Preface

Deborah G. Mayo

doi:10.1017/9781107286184.001

The Statistics Wars

Today’s “statistics wars” are fascinating: They are at once ancient and up to the minute. They reflect disagreements on one of the deepest, oldest, philosophical questions: How do humans learn about the world despite threats of error due to incomplete and variable data? At the same time, they are the engine behind current controversies surrounding high-profile failures of replication in the social and biological sciences. How should the integrity of science be restored? Experts do not agree. This book pulls back the curtain on why.

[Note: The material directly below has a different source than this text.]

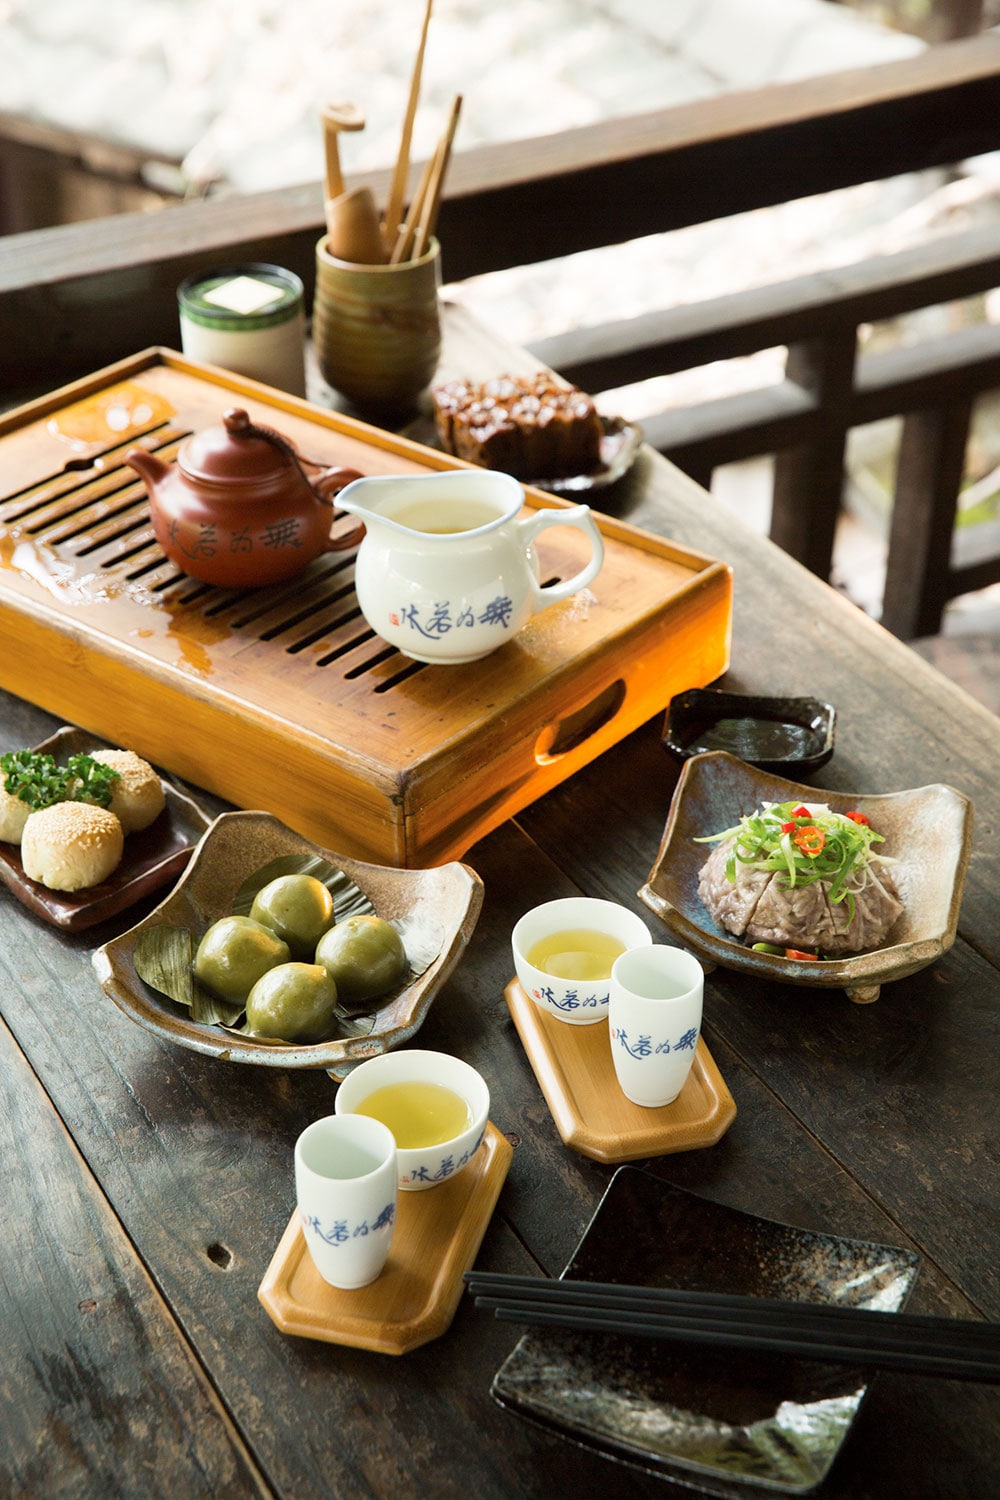 【台中散策】優雅な空気に満たされている茶藝館「無為草堂」。

Methods of statistical inference become relevant primarily when effects are neither totally swamped by noise, nor so clear cut that formal assessment of errors is relatively unimportant. Should probability enter to capture degrees of belief about claims? To measure variability? Or to ensure we won’t reach mistaken interpretations of data too often in the long run of experience? Modern statistical methods grew out of attempts to systematize doing all of these. The field has been marked by disagreements between competing tribes of frequentists and Bayesians that have been so contentious – likened in some quarters to religious and political debates – that everyone wants to believe we are long past them. We now enjoy unifications and reconciliations between rival schools, it will be said, and practitioners are eclectic, prepared to use whatever method “works.” The truth is, long-standing battles still simmer below the surface in questions about scientific trustworthiness and the relationships between Big Data-driven models and theory. The reconciliations and unifications have been revealed to have serious problems, and there’s little agreement on which to use or how to interpret them. As for eclecticism, it’s often not clear what is even meant by “works.” The presumption that all we need is an agreement on numbers – never mind if they’re measuring different things – leads to pandemonium. Let’s brush the dust off the pivotal debates, walk into the museums where we can see and hear such founders as Fisher, Neyman, Pearson, Savage, and many others. This is to simultaneously zero in on the arguments between metaresearchers – those doing research on research – charged with statistical reforms.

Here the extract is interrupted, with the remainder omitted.